HR planners often don’t connect with their client businesses. There’s still a tendency towards models, frameworks, and ready-made solutions. But retro-fitting these to a client’s business will never be truly effective. Last year, I worked with a retail company that had previously used a ready-made HR template. There were three problems: first, it was generic. It told them all the ‘right’ processes to follow, like developing good employee relations and training up necessary skills, but it didn’t tell them how to do it in their specific company environment. Secondly, there was no period of consultation before the template was applied, so the business didn’t buy in to it. Thirdly, because it was thought up and based on a business environment at a single moment in time, it was too rigid, and soon became dated.

Is there a better way?
There’s no quick fix, but there are some basic principles that can help HR plans work:

  • Prevent, don’t cure. Get as close as you can to your client business. The closer HR is to the overall business plan, the more it can help to shape it, rather than having to react to it. So insist on being part of every department’s business-planning process.

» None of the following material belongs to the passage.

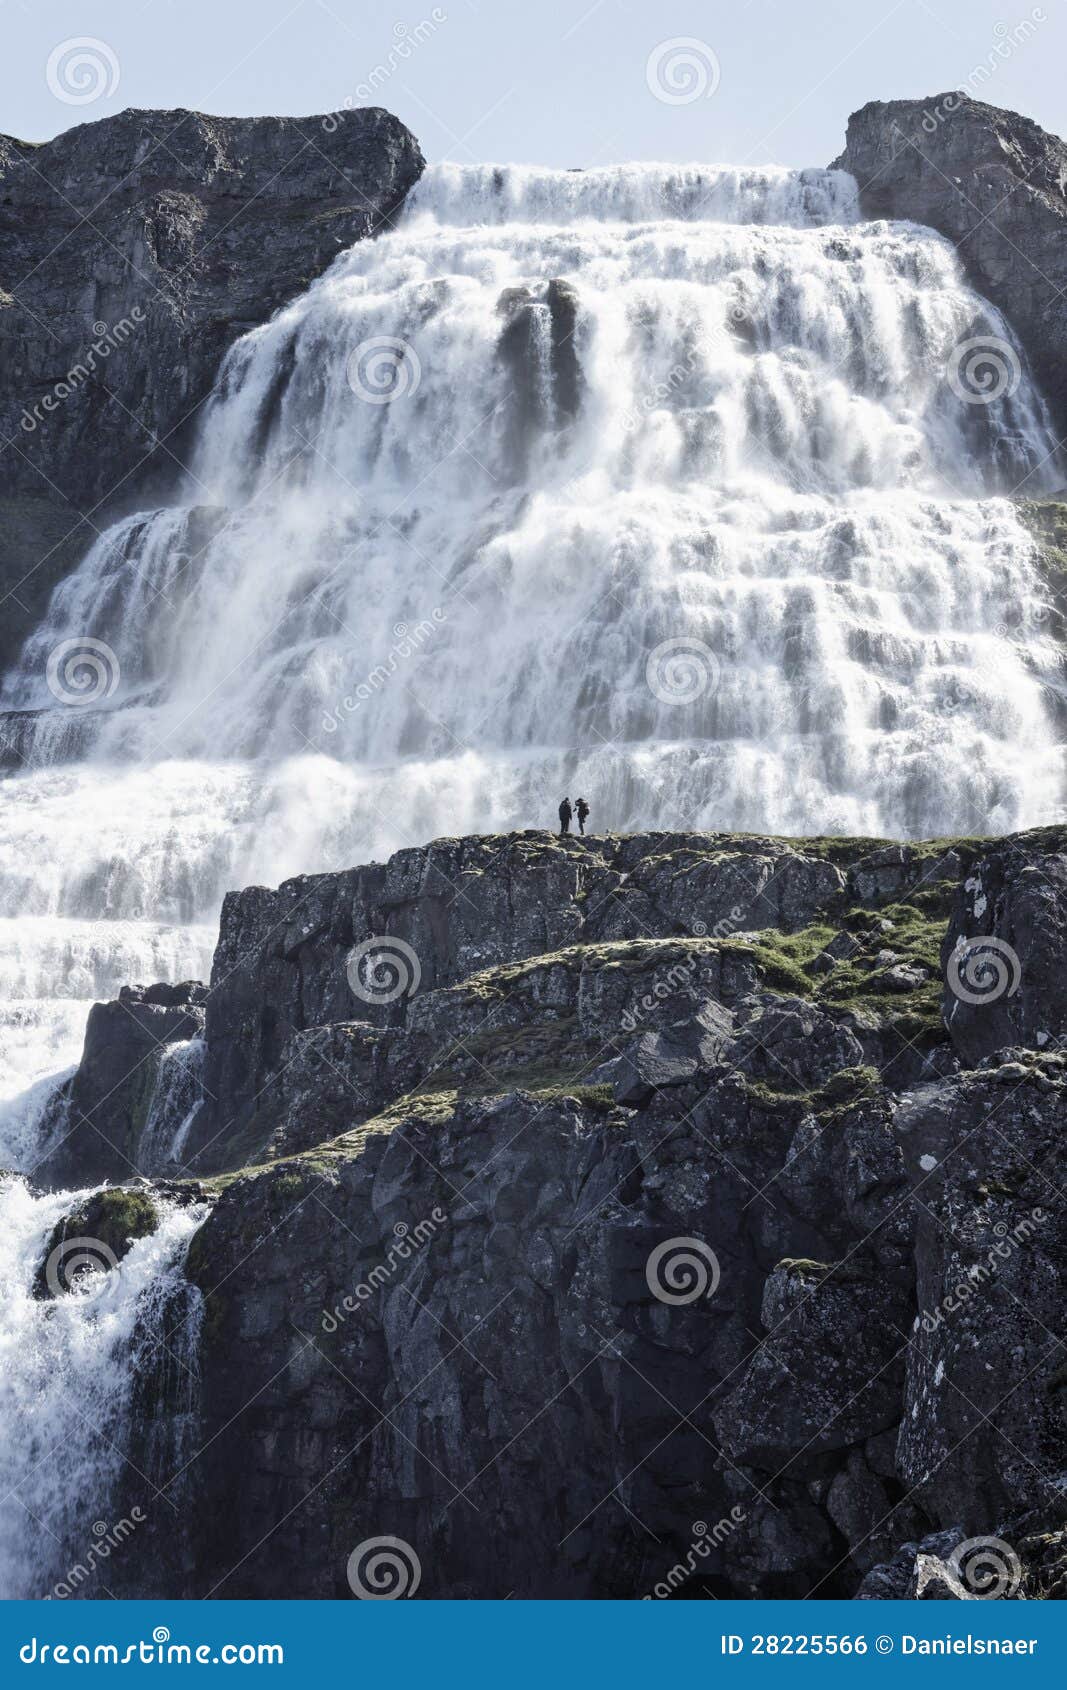 Epischer Wasserfall Dynjandi. Dynjandi ist ein epischer Wasserfall in den westfjords von Island.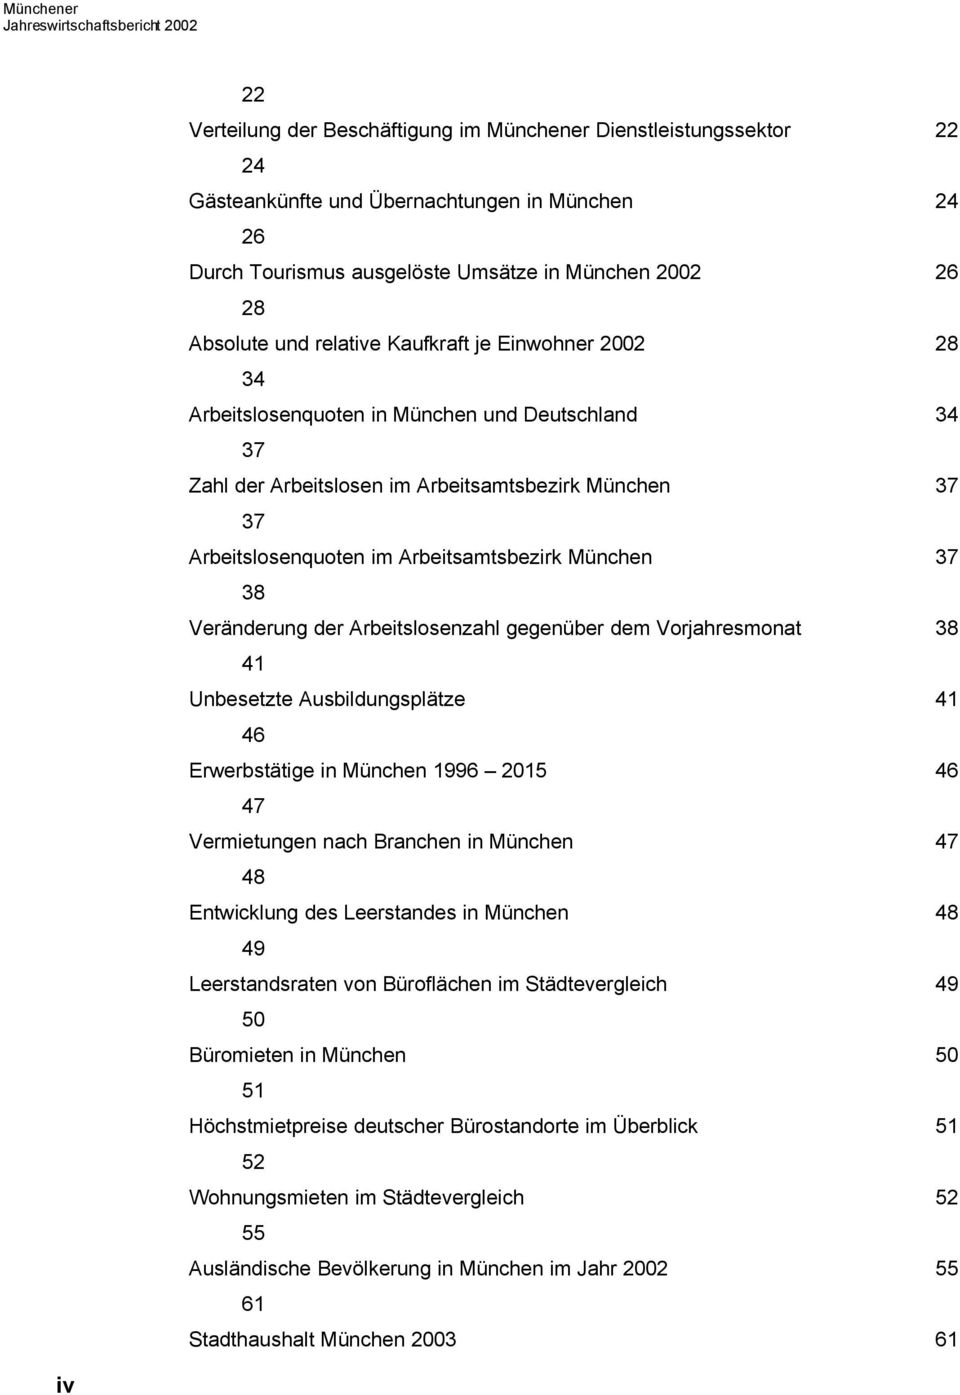 Arbeitslosenquoten im Arbeitsamtsbezirk München 37 38 Veränderung der Arbeitslosenzahl gegenüber dem Vorjahresmonat 38 41 Unbesetzte Ausbildungsplätze 41 46 Erwerbstätige in München 1996 2015 46 47

  • Look for trends. A good way to focus on the future is a technique called ‘scanning’ – taking half a day, once every three months, to scope out the short-, medium- and long- term threats to your client business, and how HR can help avoid them. It will prepare your client’s business for the future (and raise the profile of your strategic role). For example, if you have a client that produces FMCG snacking brands, their response to the continuing trend towards healthy eating will have a major impact on their success. What strategic recruitment plans could be put in place to contribute to this? Health food professionals would be good for starters.
  • Use a Silicone Valley approach. Learning from the processes developed in the IT industry, this approach will give your clients a tailored, up-to-the-minute plan. In essence, a new process is built quickly, using flexible modules, piloted, then refined through ‘in-course correction’.
  • You’ll need to manage your clients’ expectations. But it shouldn’t be too difficult, as they’ll get a bespoke plan. It’ll also allow you to:

  • Involve your clients at every stage of the process – planning, design, rollout and assessment. This means they’re involved in your HR plans, and are far more likely to support them when it comes to implementation.
  • Take feedback on board along the way to make a process more effective. For example, if you’ve planned a modular course to enhance HR Business Partner skills, and after the first module in the pilot you get feedback that the pace is too fast, then a Silicone Valley approach allows you to change the pace without waiting until the rest of the pilot is complete.
  • Get feedback from all areas of the business. Employees in more junior roles have very different perspectives, and very different HR needs, to those at the top. A 360 degree approach will make your HR plans more realistic. And if senior management know that HR has got a finger on the company’s pulse, they’re more likely to listen to your strategic advice.
  • Measure HR plans against business objectives. For example, measure the success of a sales personnel recruitment plan not on the number of positions it fills, but on the performance of those people you recruit. It helps focus HR plans on what will really make a difference to the business, and increases the profile of the strategic role HR plays in reaching business targets.